Getting the site working on a staging URL is only half the job. The second half — switching the live domain, migrating the production database, and making sure nothing breaks during DNS propagation — is where most migrations run into unexpected problems. This article covers the go-live process for skylinerenting.eu, including the database cutover, DNS record update, an SSL issue that appeared mid-migration, and a Symfony cache problem that caused a brief outage.

Staging Confirmation Before Go-Live

Before touching the live domain, the site ran in full on the SiteGround staging URL (sky.sg-host.com) for approximately two weeks. During this period, the frontend, property search, multi-language navigation, and the backend admin panel were all verified to work correctly under PHP 7.4.33. The staging database contained a copy of the production data taken at the start of the project.

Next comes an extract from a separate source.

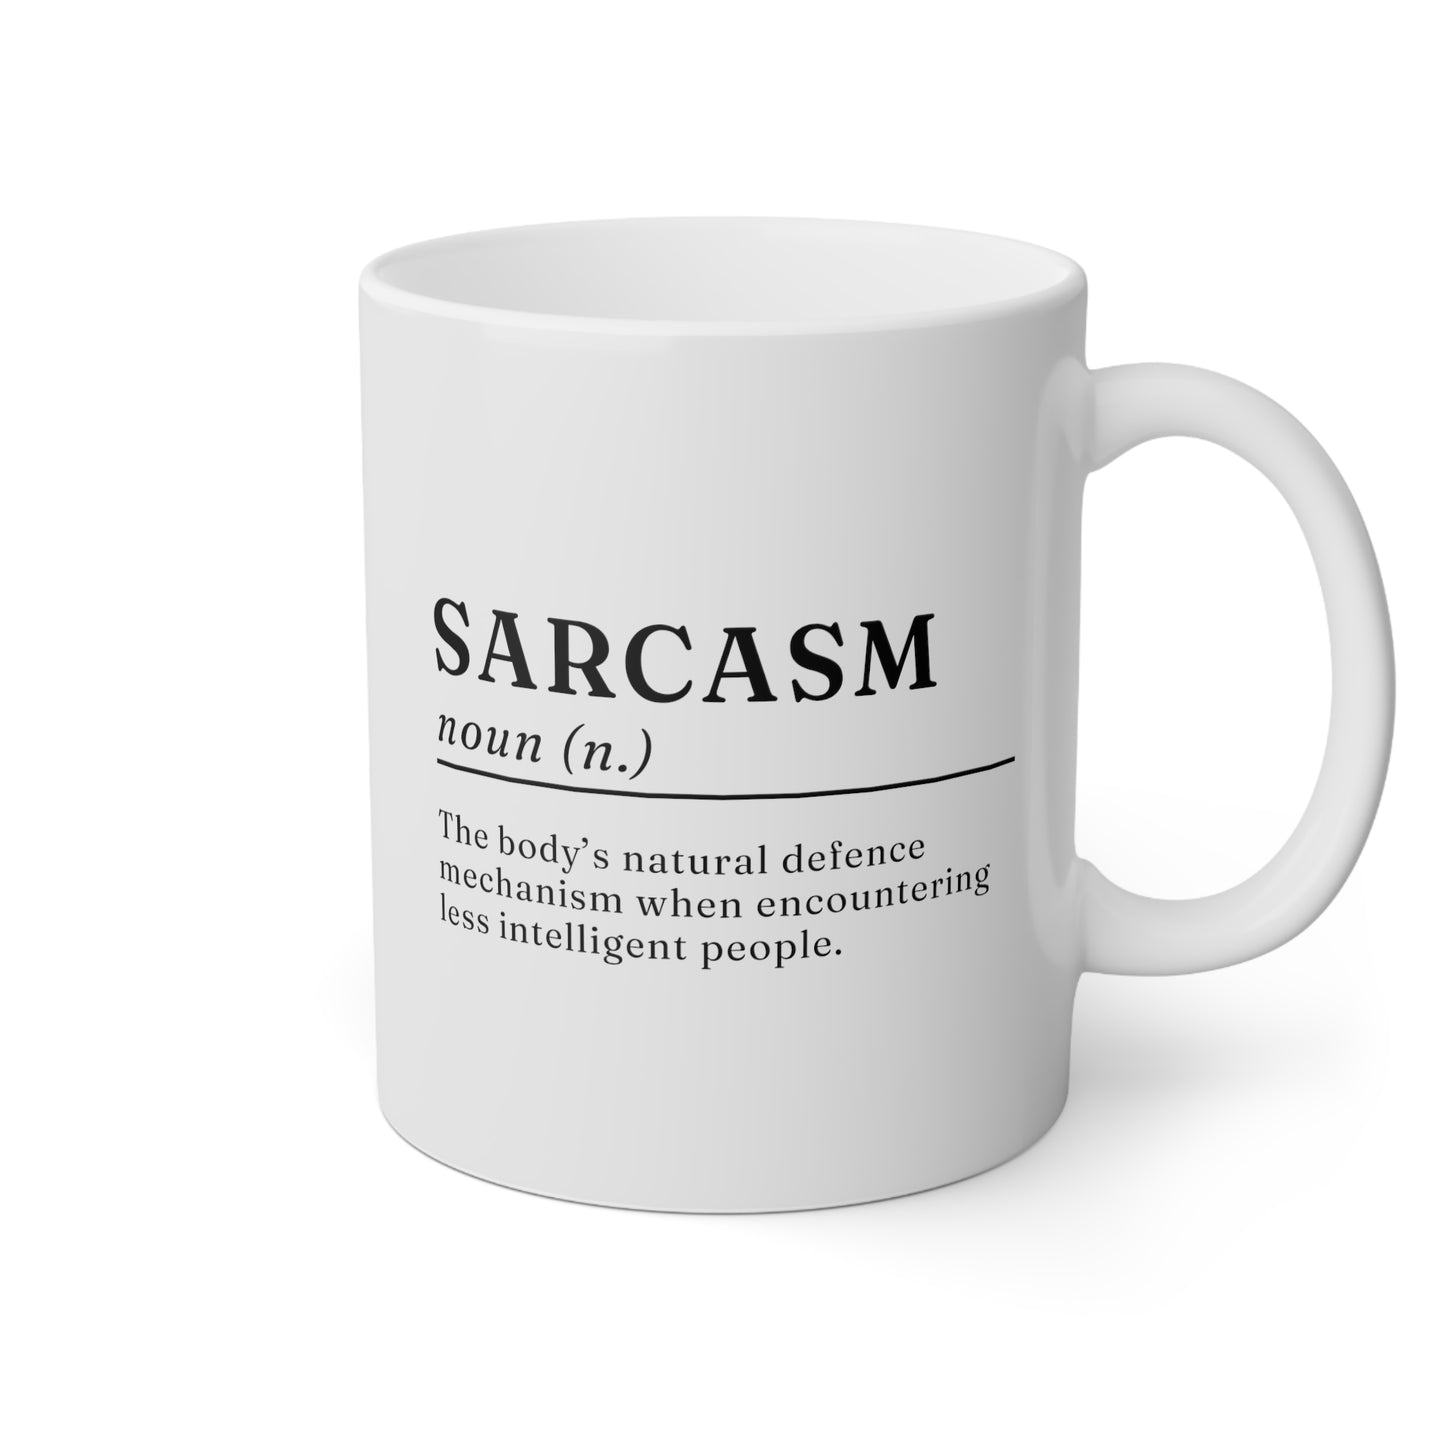 Sarcasm Definition 11oz white funny large coffee mug gift for friend dictionary novelty joke sarcastic sassy snarky meaning waveywares wavey wares wavywares wavy wares

Only after the client confirmed the staging site was acceptable did we proceed with the domain switch.

Database Migration

The production database was exported from the old Combell server via phpMyAdmin and imported into a new database created on SiteGround. The database connection settings in Symfony live in config/databases.yml — this file was updated with the new SiteGround database name, username, and password before the domain went live.

No data transformation was required. Doctrine 1.x schema was compatible between the two environments, and all property listings, images, and user accounts transferred cleanly.

DNS Cutover

The domain skylinerenting.eu was registered and DNS-managed through Combell. The client needed to provide access to the domain DNS panel — the person with those credentials was on vacation, which caused a two-week delay between staging completion and go-live.

When access was finally provided, the A record for skylinerenting.eu was updated to point at the SiteGround server IP. Several DNS records were deliberately left unchanged — the domain had a separate email infrastructure (Mailtrap) with its own MX, SPF, DKIM, and DMARC records, and touching those would have broken the client’s email delivery.

The records left unchanged were:

  • A record: app.skylinerenting.eu
  • CNAME and TXT records for Mailtrap SMTP
  • DKIM records (rwmt1, rwmt2)
  • DMARC TXT record
  • CNAME: mt-link.skylinerenting.eu

SSL Configuration

SiteGround provisions Let’s Encrypt SSL certificates automatically when a domain is pointed at its servers, but the certificate issuance requires the domain to be resolving correctly first. During the propagation window — before the DNS had fully updated worldwide — the site was temporarily unreachable, which is expected. Once propagation completed, the SSL certificate was issued and HTTPS worked without any manual configuration.

An nginx error log entry appeared during the propagation window referencing a missing .well-known/apple-app-site-association file. This was not caused by the migration — it was a routine bot request that happened to hit the server while the site was still being set up, and it had no effect on the site itself.

Symfony Cache Issue During Go-Live

Shortly after the DNS update, the live site returned errors. The staging environment had been working correctly, but the production domain was not. The issue turned out to be Symfony’s compiled configuration cache — the cache files had been generated with paths and settings referencing the staging URL (sky.sg-host.com), and after the domain change, some of those cached values were stale.

Clearing the cache resolved it:

rm -rf cache/*
chmod -R 777 cache/ log/

This required logging into SiteGround to run the command, which needed an authentication code from the account owner. Once the cache was cleared and Symfony rebuilt its configuration for the live domain, the site loaded correctly. Total downtime from the DNS update to full resolution was under two hours.

Final State

The migration was complete by the morning of 19 December 2025. The live site at skylinerenting.eu runs on SiteGround under PHP 7.4.33, with all frontend and backend functionality intact. The client’s email infrastructure was not disrupted. No data was lost in the database migration.

The key lesson from this project: legacy Symfony 1.x applications are migratable to modern hosting without a full rewrite, but the process requires careful version selection, targeted vendor library updates, and a willingness to debug framework internals that have not been officially maintained in over a decade.